The GPU operator manages NVIDIA GPU resources in a Kubernetes cluster and automates tasks related to bootstrapping GPU nodes. Since the GPU is a special resource in the cluster, it requires a few components to be installed before application workloads can be deployed onto the GPU. These components include the NVIDIA drivers (to enable CUDA), Kubernetes device plugin, container runtime and others such as automatic node labelling, monitoring etc.
This is a technical preview release of the GPU operator. The operator can be deployed using a Helm chart.

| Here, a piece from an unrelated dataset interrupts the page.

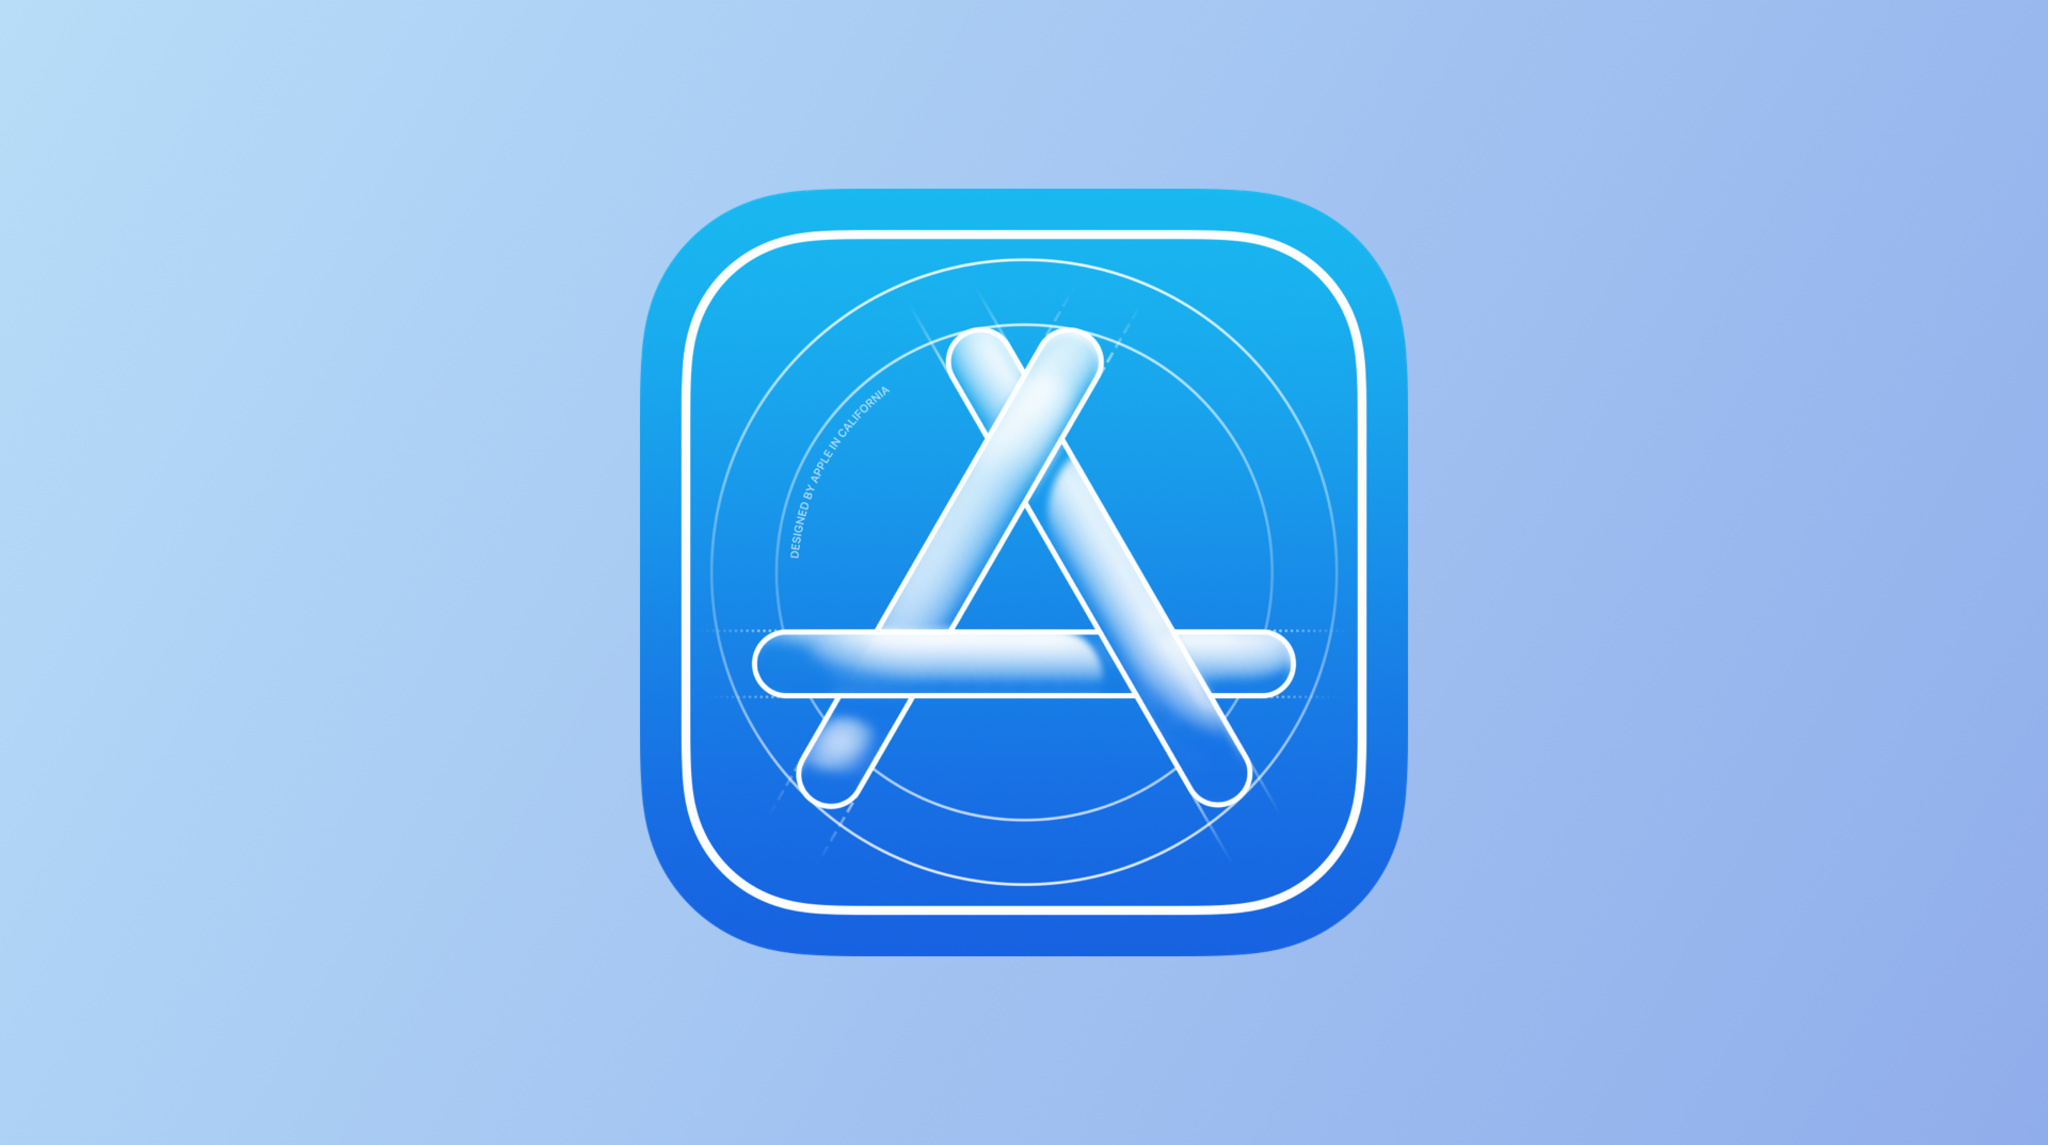 L'icône de l'application Apple Developer s'affiche au centre de cette image en vedette, sur un dégradé bleu clair en arrière-plan
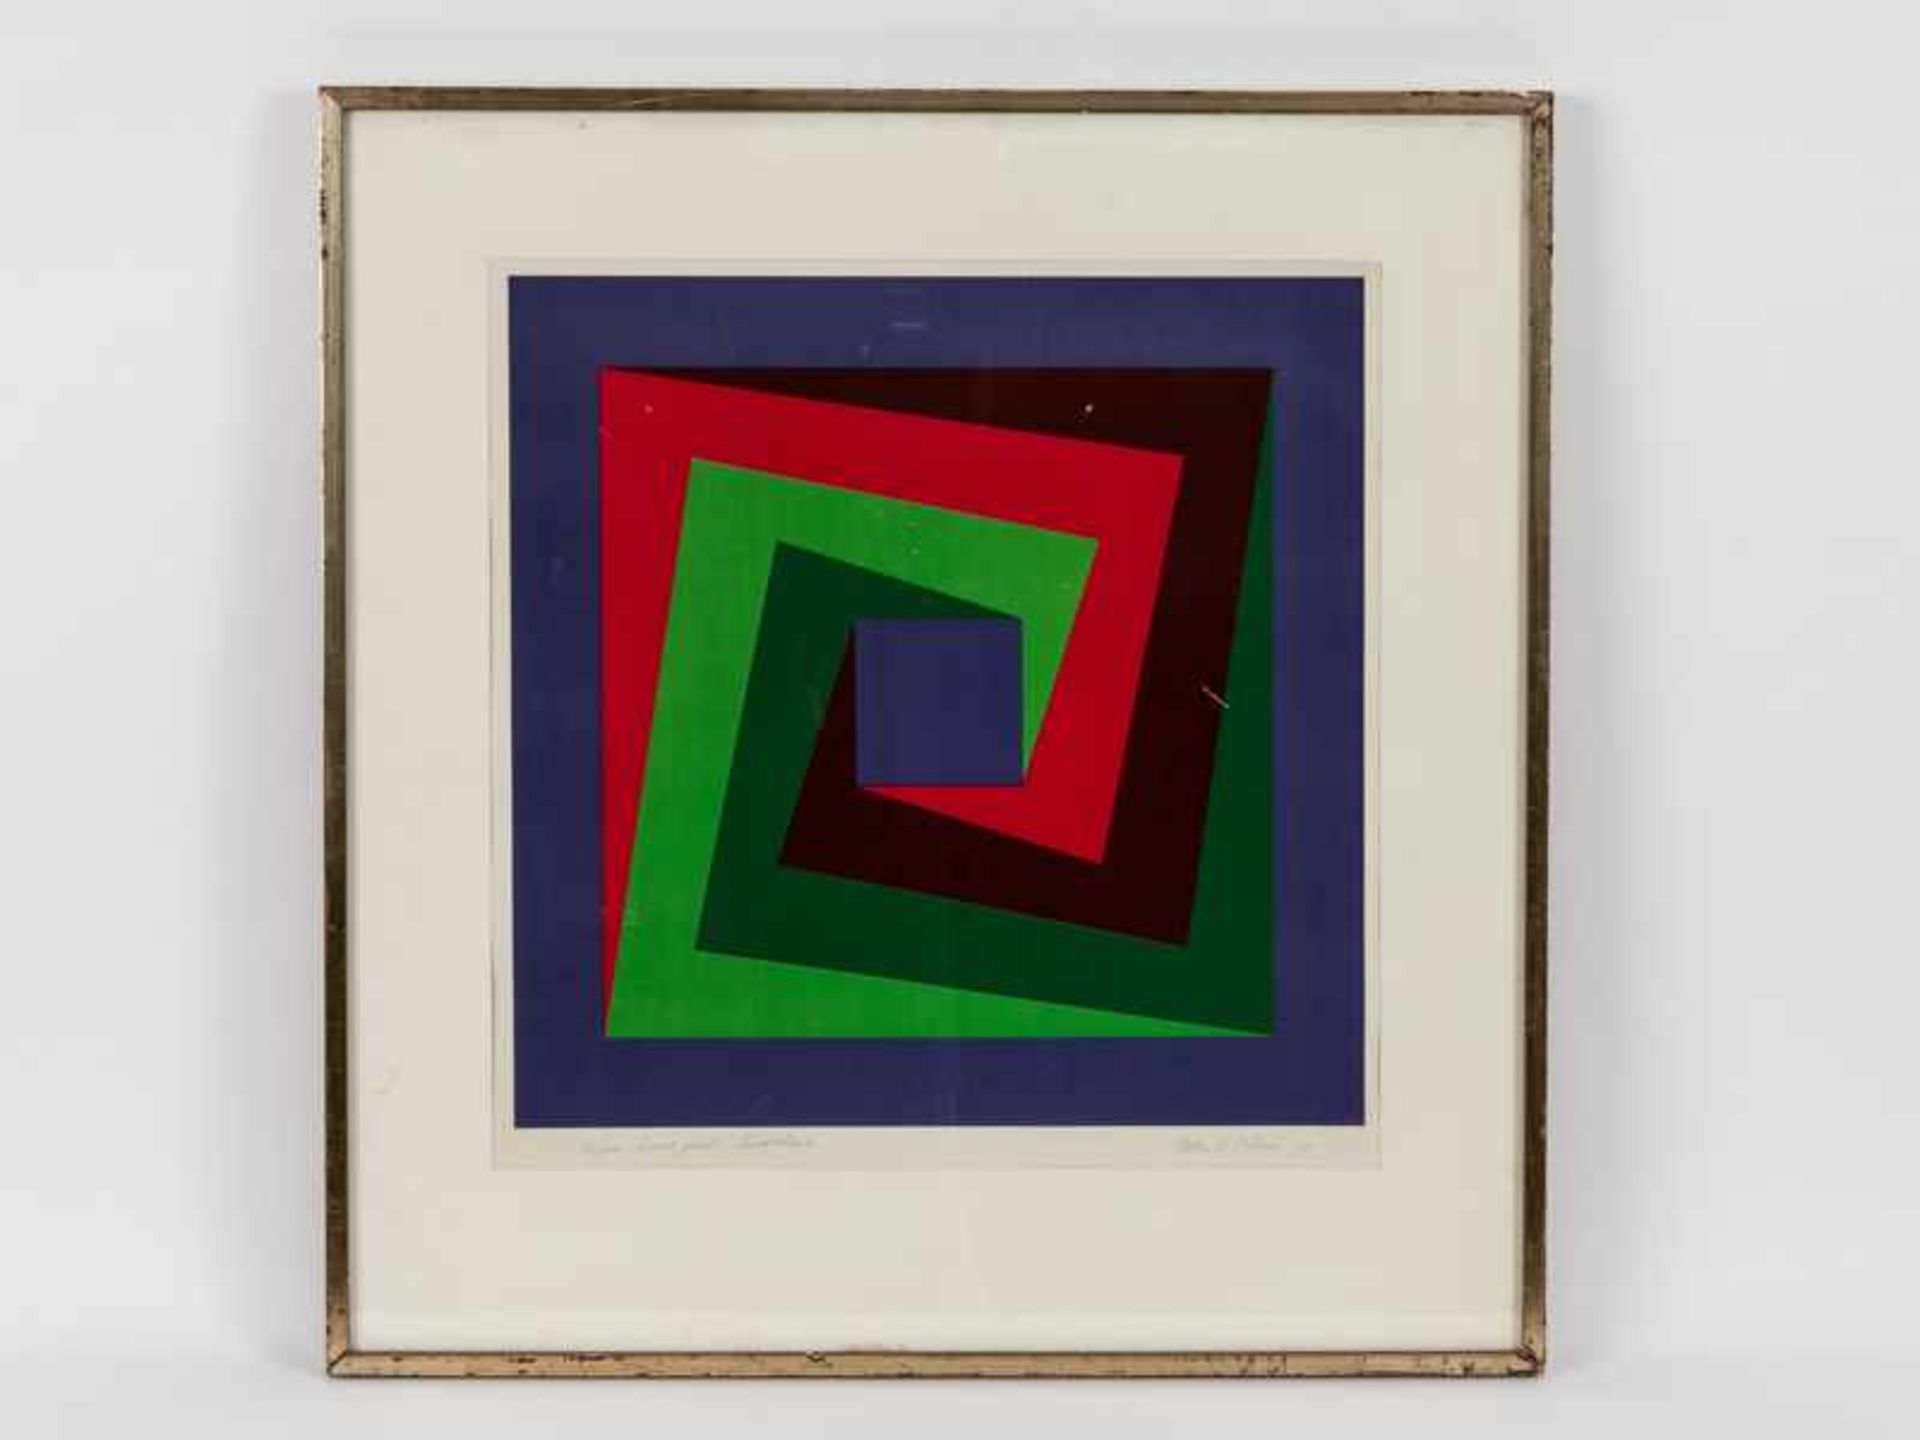 Waser, Felix V. (* 1924). Waser, Felix V. (* 1924). Farbserigraphie, "Colourprint", 1971; unten

# If this is your first run of helm
$ helm init --client-only
# Install helm https://docs.helm.sh/using_helm/ then run:
$ helm repo add nvidia https://nvidia.github.io/gpu-operator
$ helm repo update
$ helm install --devel nvidia/gpu-operator -n test-operator --wait
$ kubectl apply -f https://raw.githubusercontent.com/NVIDIA/gpu-operator/master/manifests/cr/sro_cr_sched_none.yaml
# Create a tensorflow notebook example
$ kubectl apply -f https://nvidia.github.io/gpu-operator/notebook-example.yml
# Grab the token from the pod once it is created
$ kubectl get pod tf-notebook
$ kubectl logs tf-notebook
...
[I 23:20:42.891 NotebookApp] jupyter_tensorboard extension loaded.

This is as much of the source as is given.